All lines below starting at the one that holds "Splatter Skull Shirt" and ending at the one that holds "Community Sustainability Service Day flyer" should be printed exactly, ends included. Pictures should not be printed, nor anything else.

Provided information:
---------------

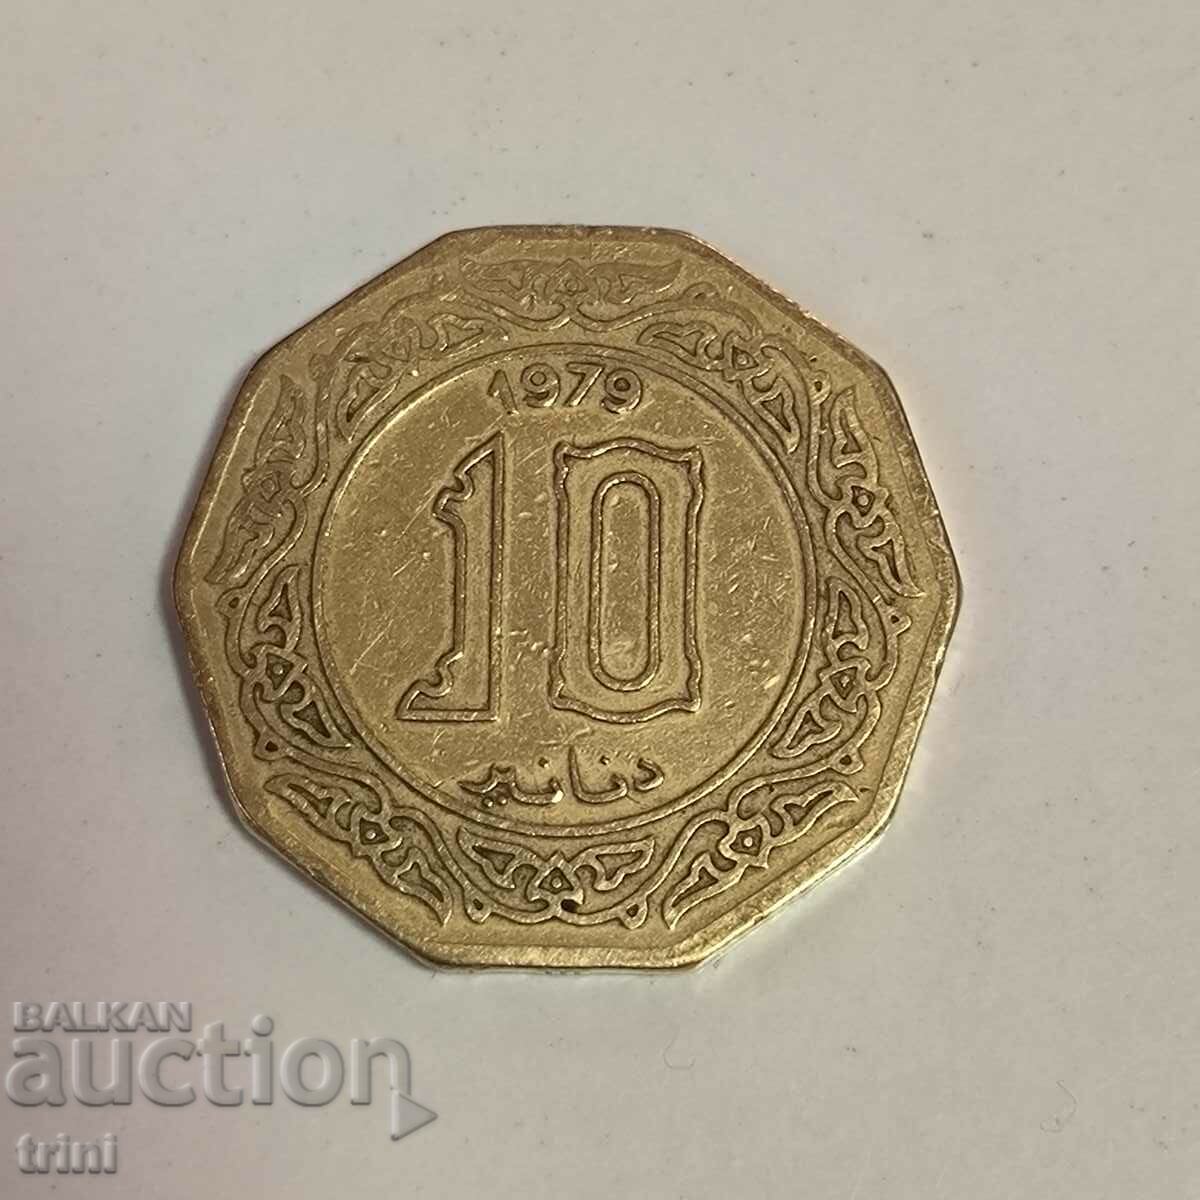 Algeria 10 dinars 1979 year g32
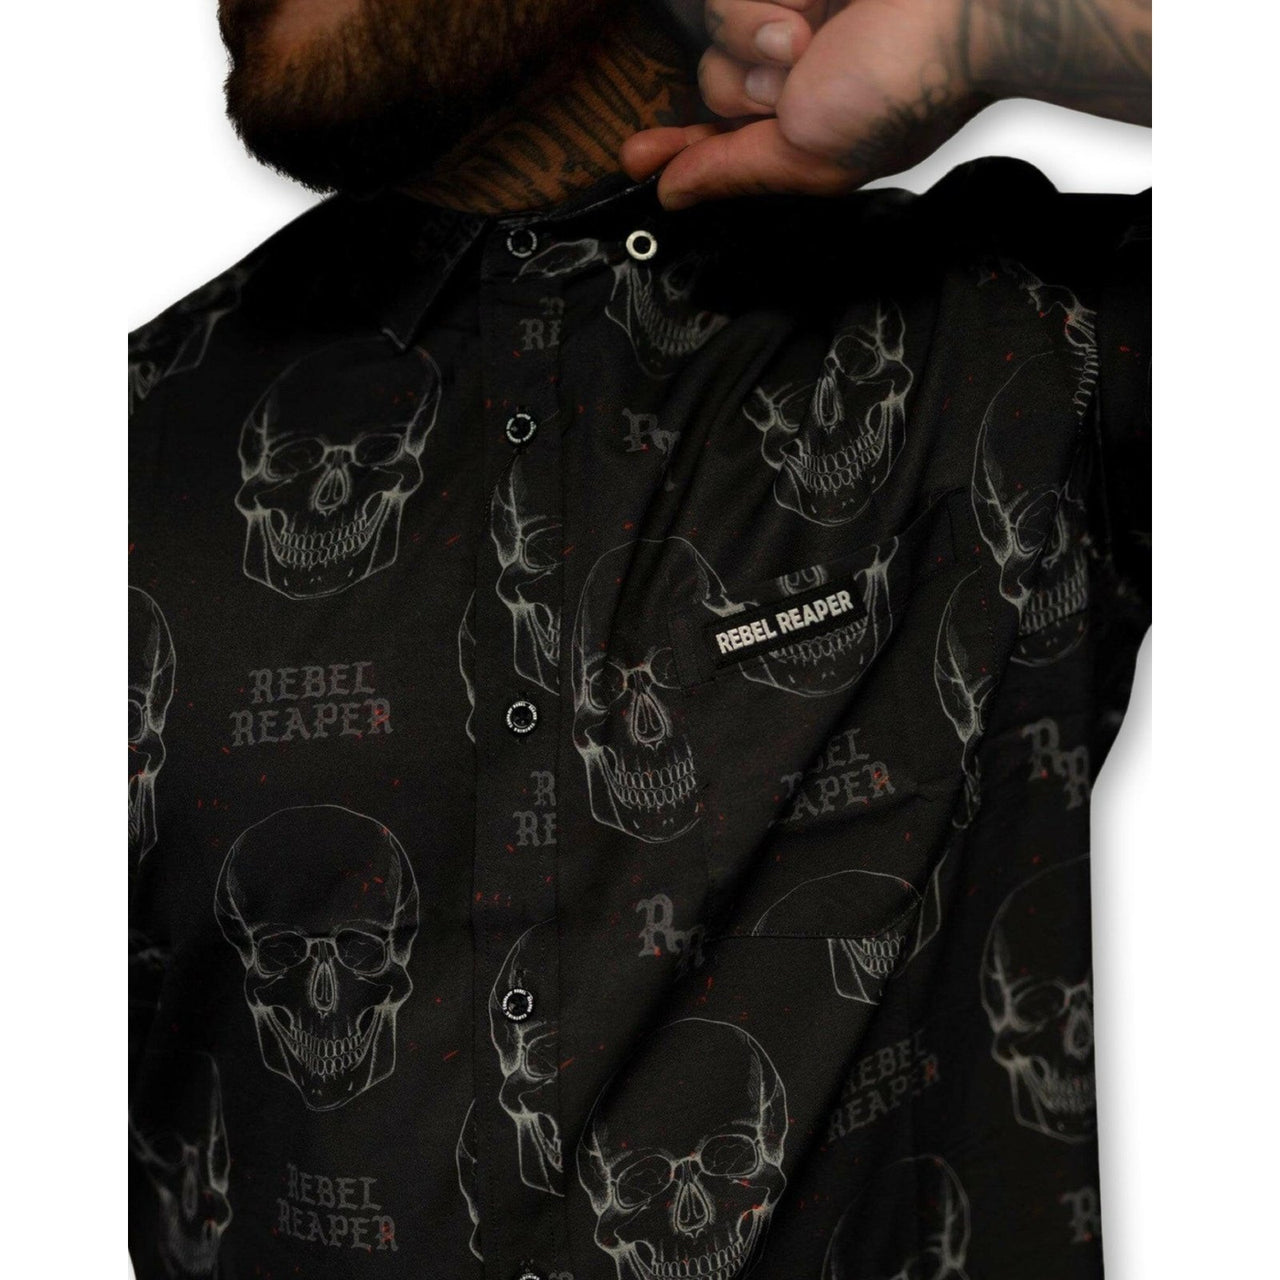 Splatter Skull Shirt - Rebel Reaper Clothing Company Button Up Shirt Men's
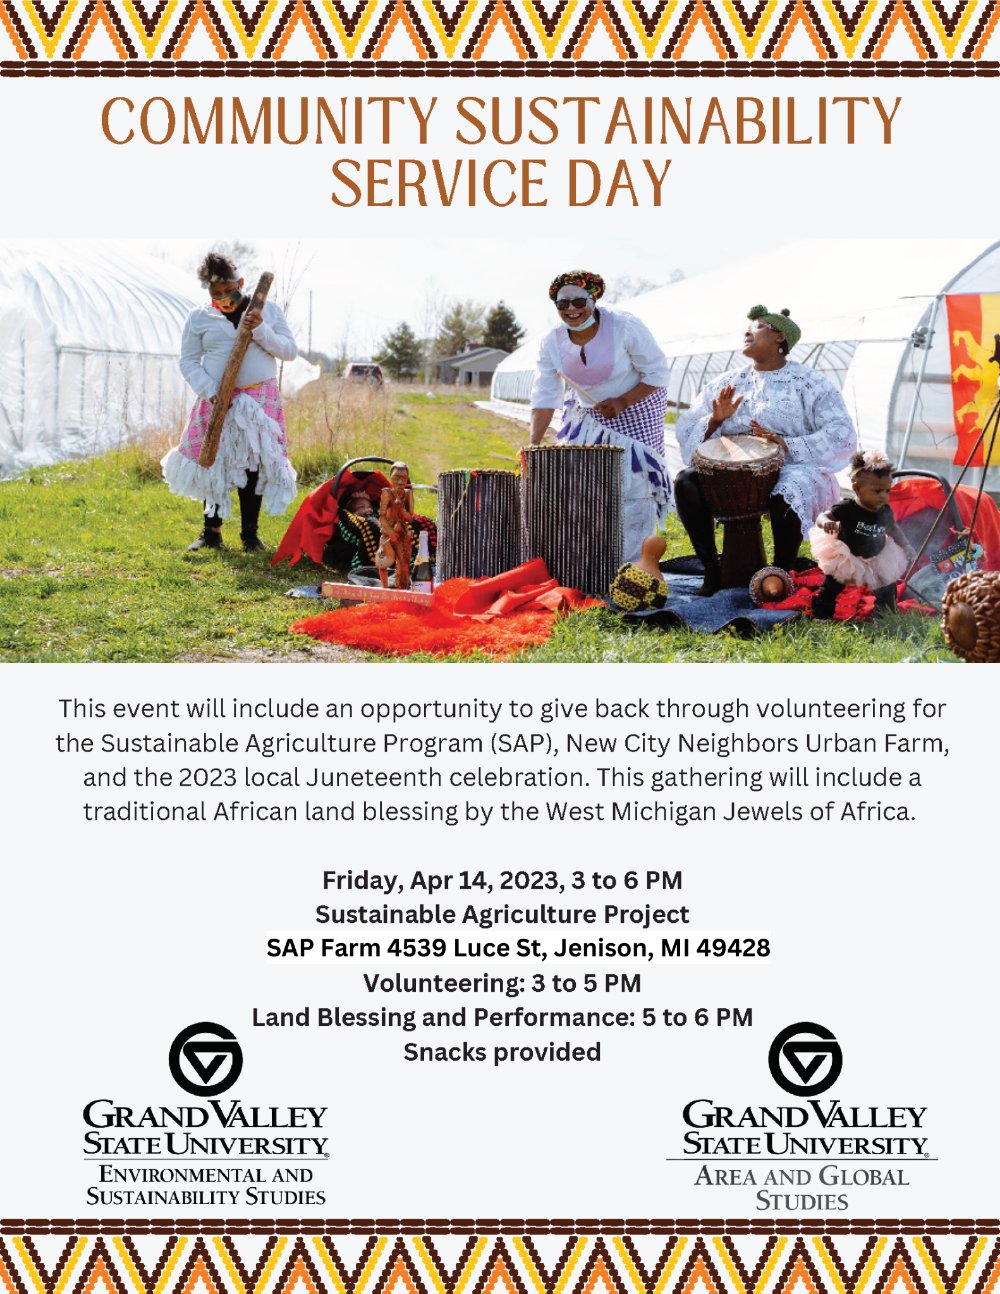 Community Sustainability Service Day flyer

---------------

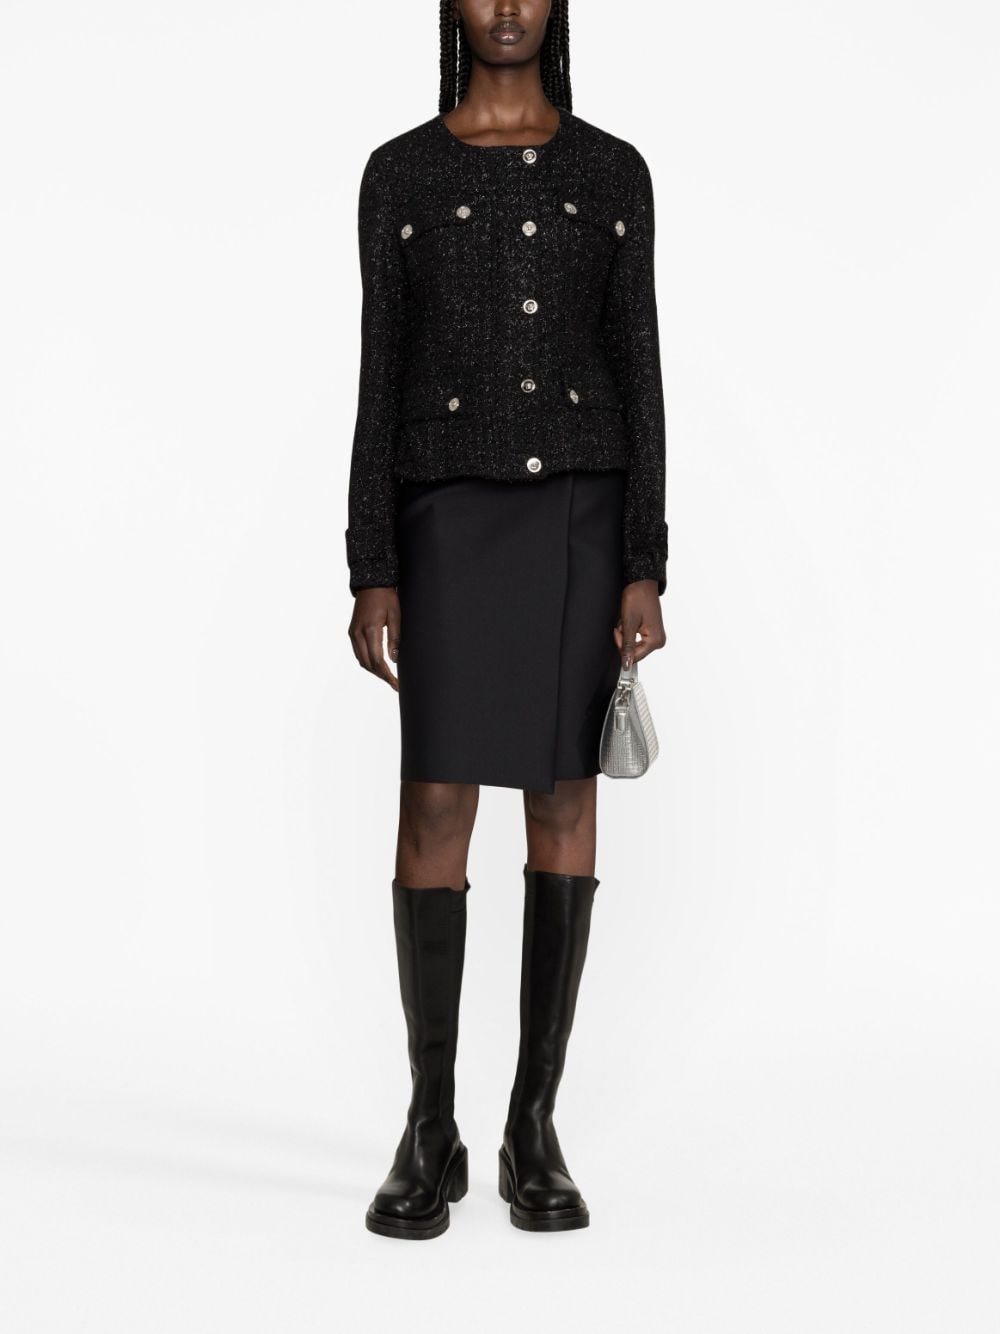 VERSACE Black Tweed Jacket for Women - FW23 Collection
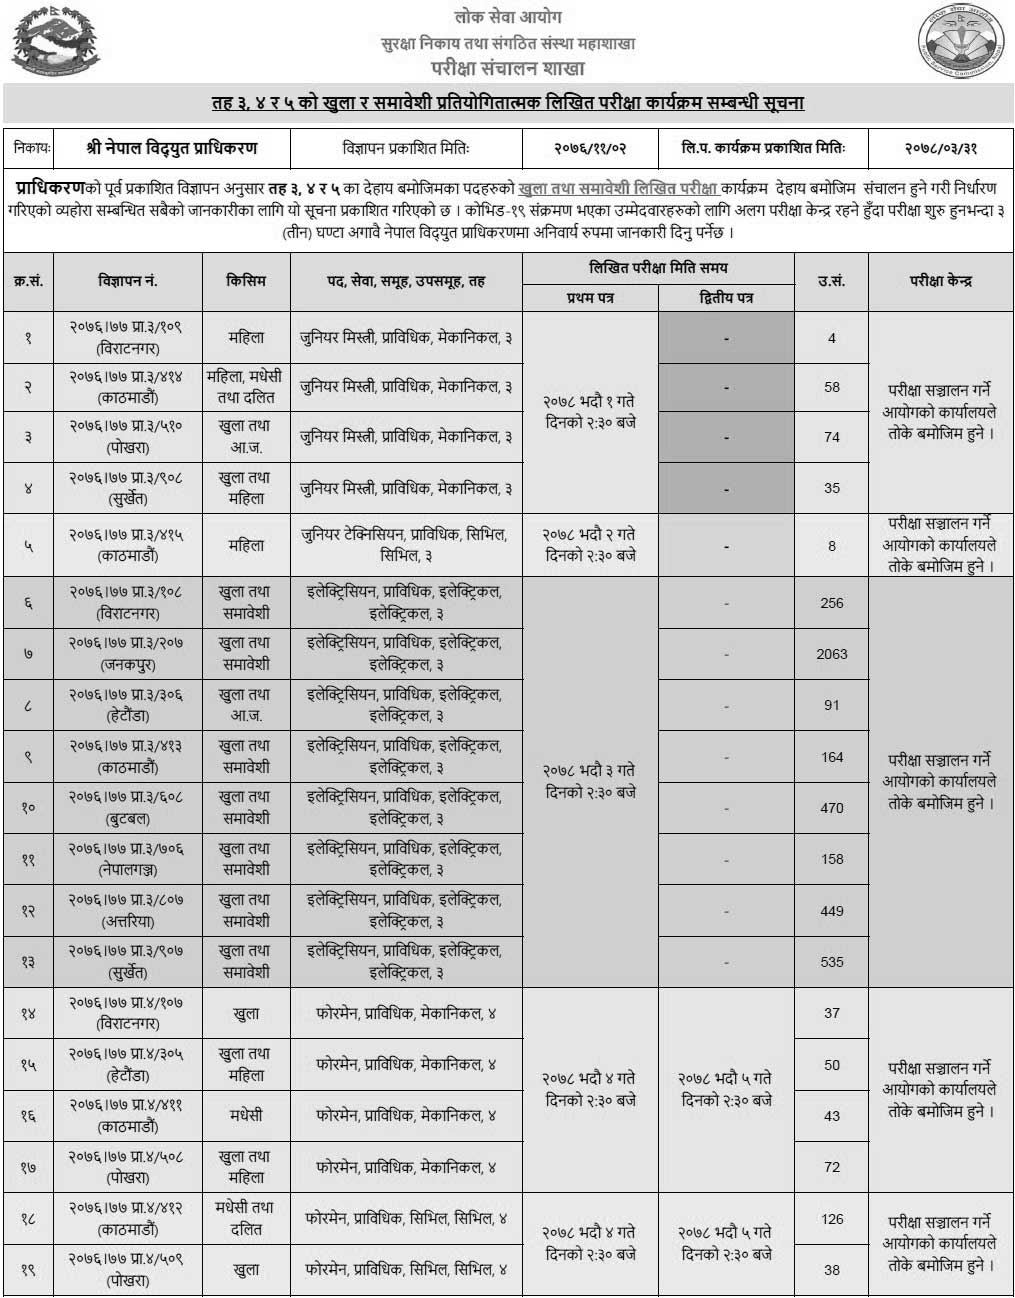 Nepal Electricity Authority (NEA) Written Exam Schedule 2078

---------------

Solution to the problem:
 Splatter Skull Shirt - Rebel Reaper Clothing Company Button Up Shirt Men's
 Community Sustainability Service Day flyer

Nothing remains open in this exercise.